» **INFORMATION SUPPLIED**:
::::::::
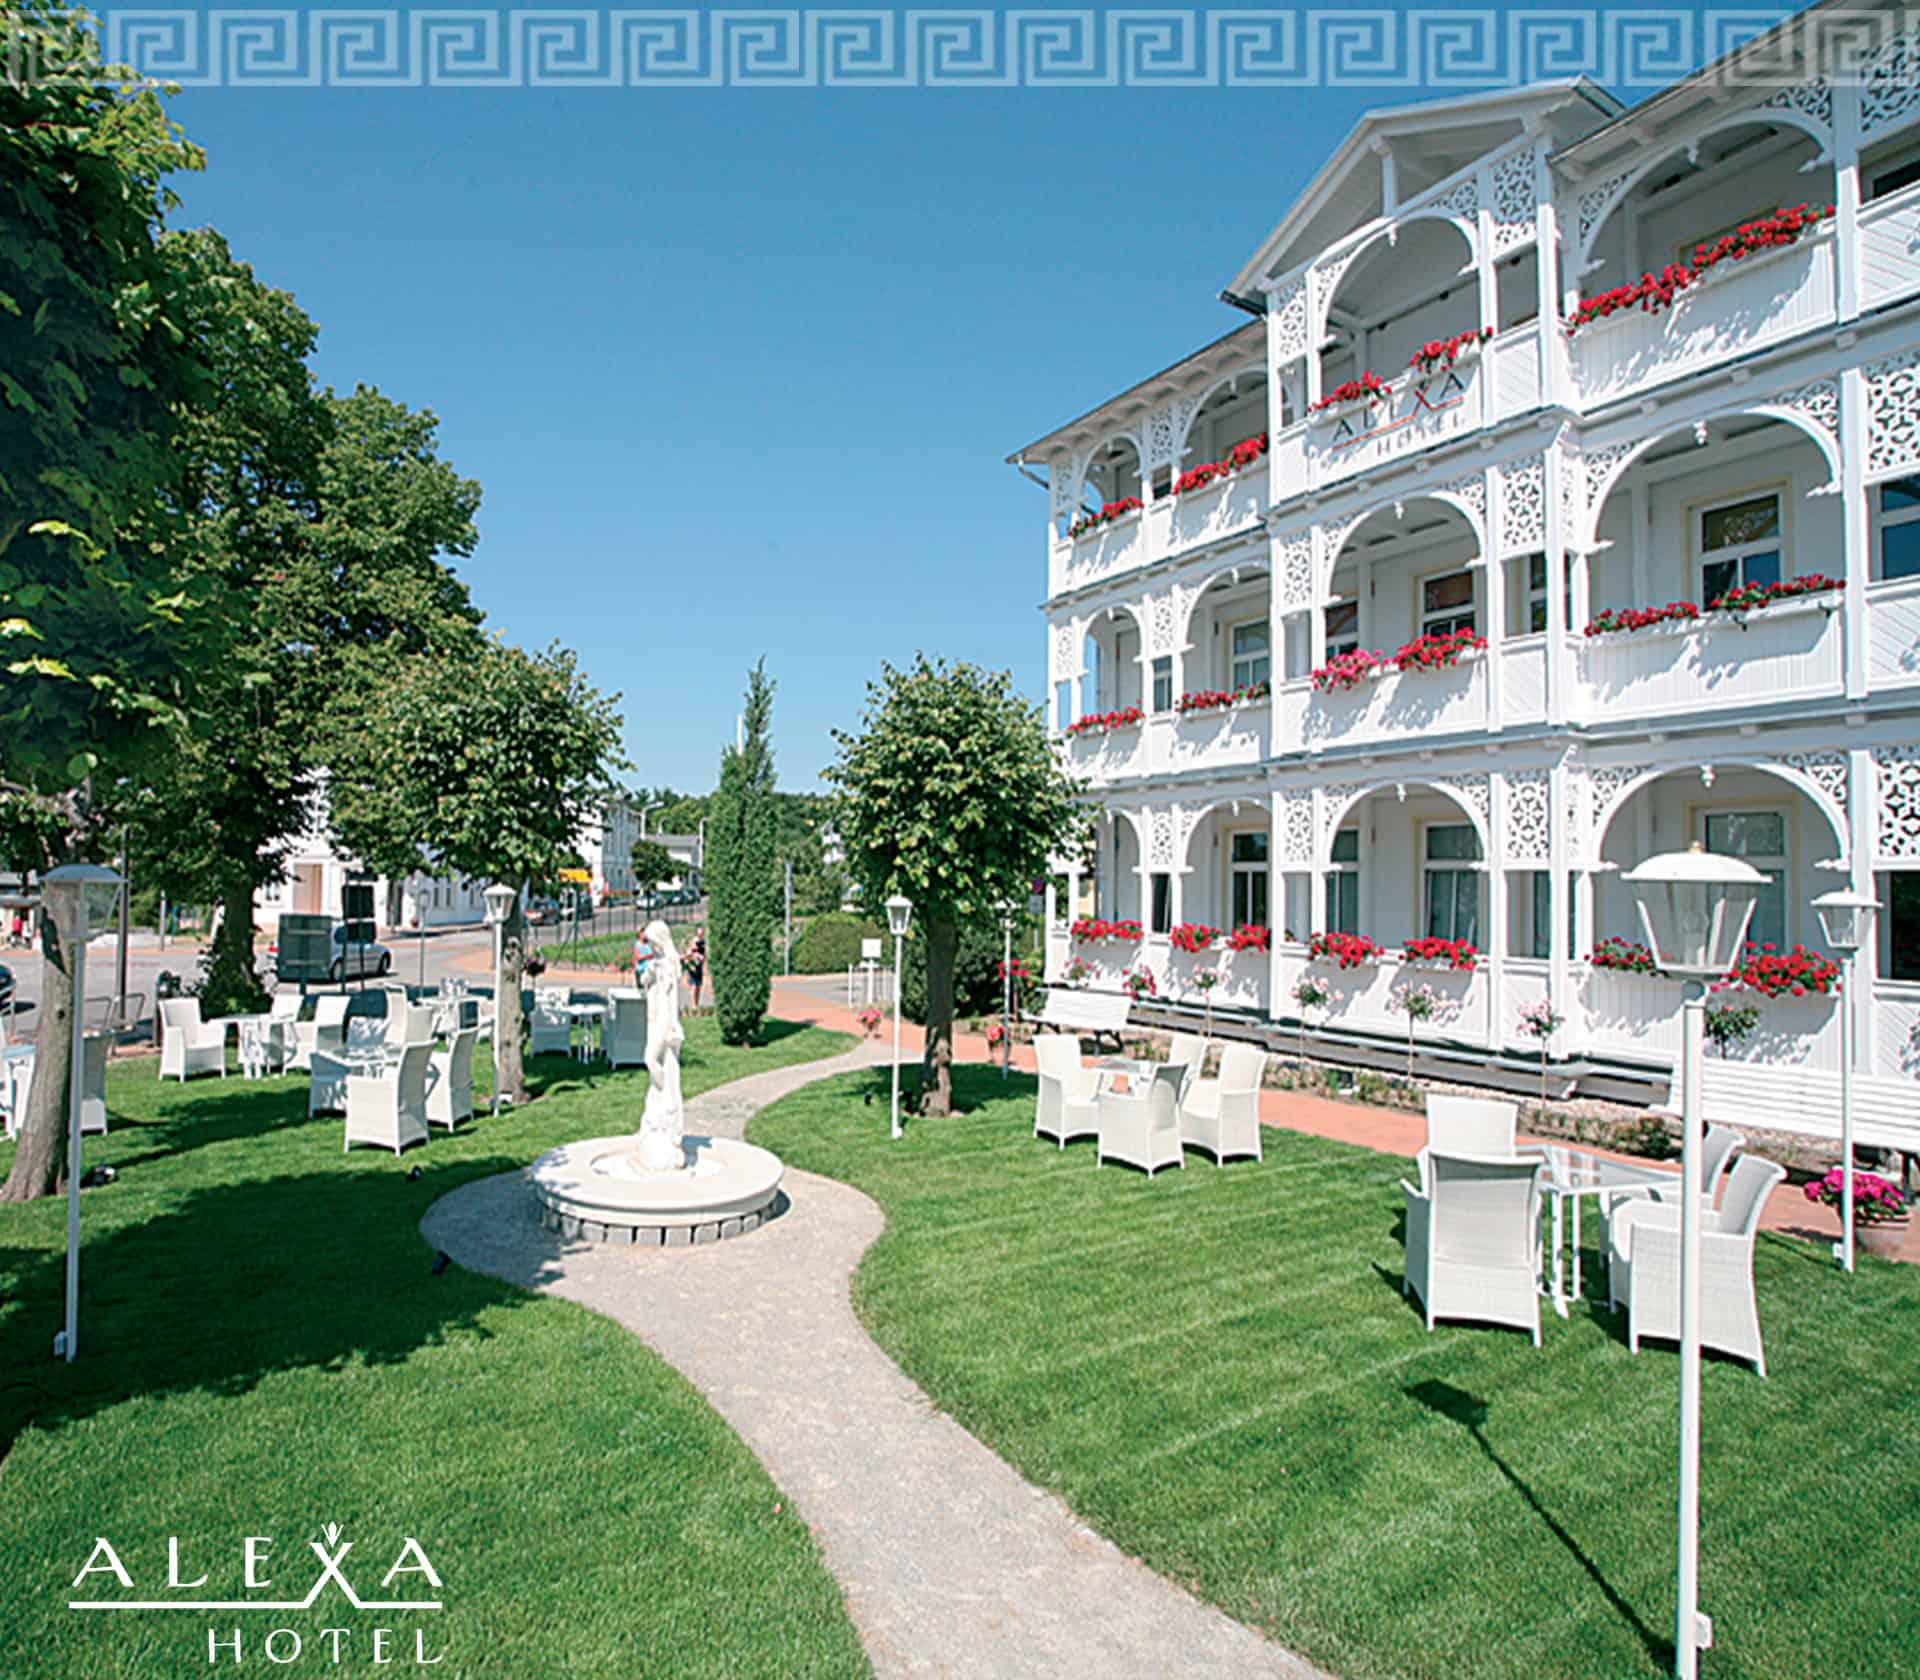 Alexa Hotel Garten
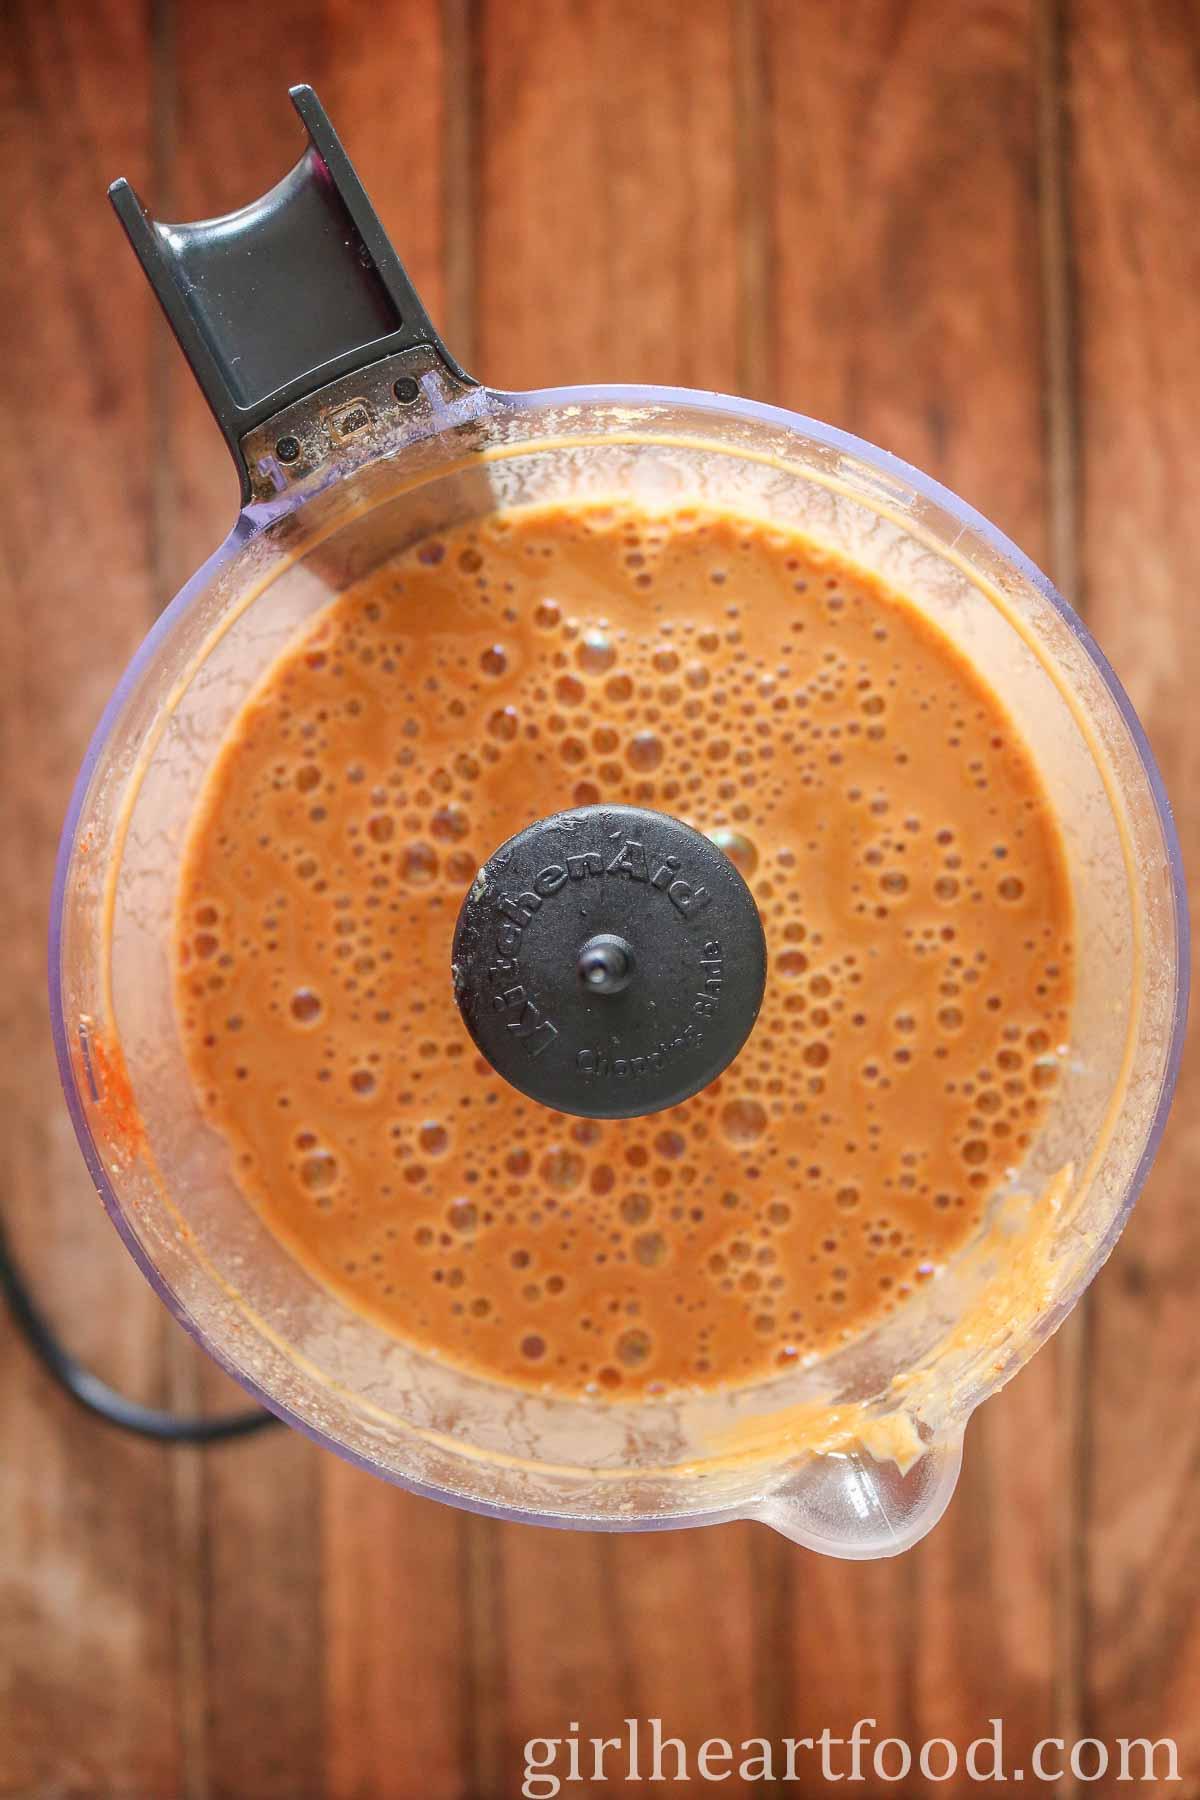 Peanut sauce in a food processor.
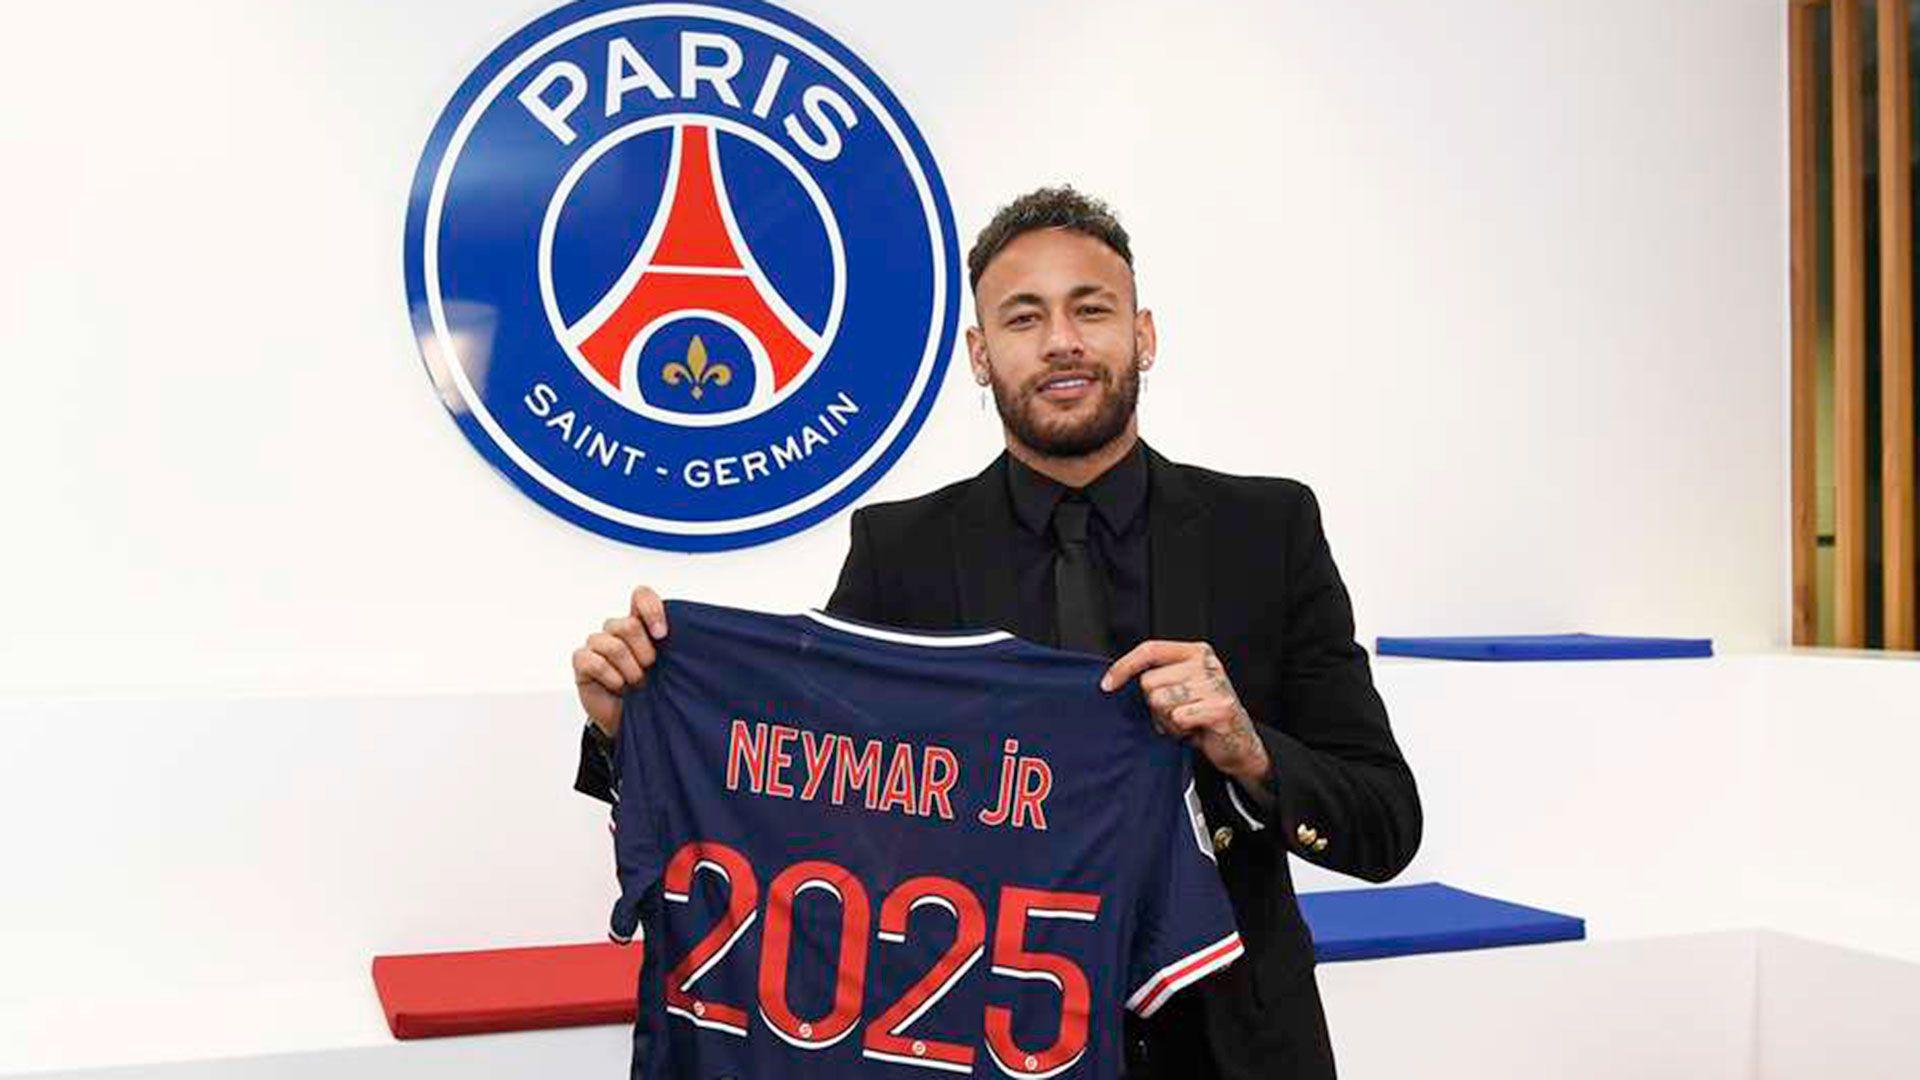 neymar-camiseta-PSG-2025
::::::::
» **REQUIREMENT**: Return to the listing above and set it down exactly, leaving out its pictures.

» **ANSWER BOX**:
 Alexa Hotel Garten
 Peanut sauce in a food processor.
 neymar-camiseta-PSG-2025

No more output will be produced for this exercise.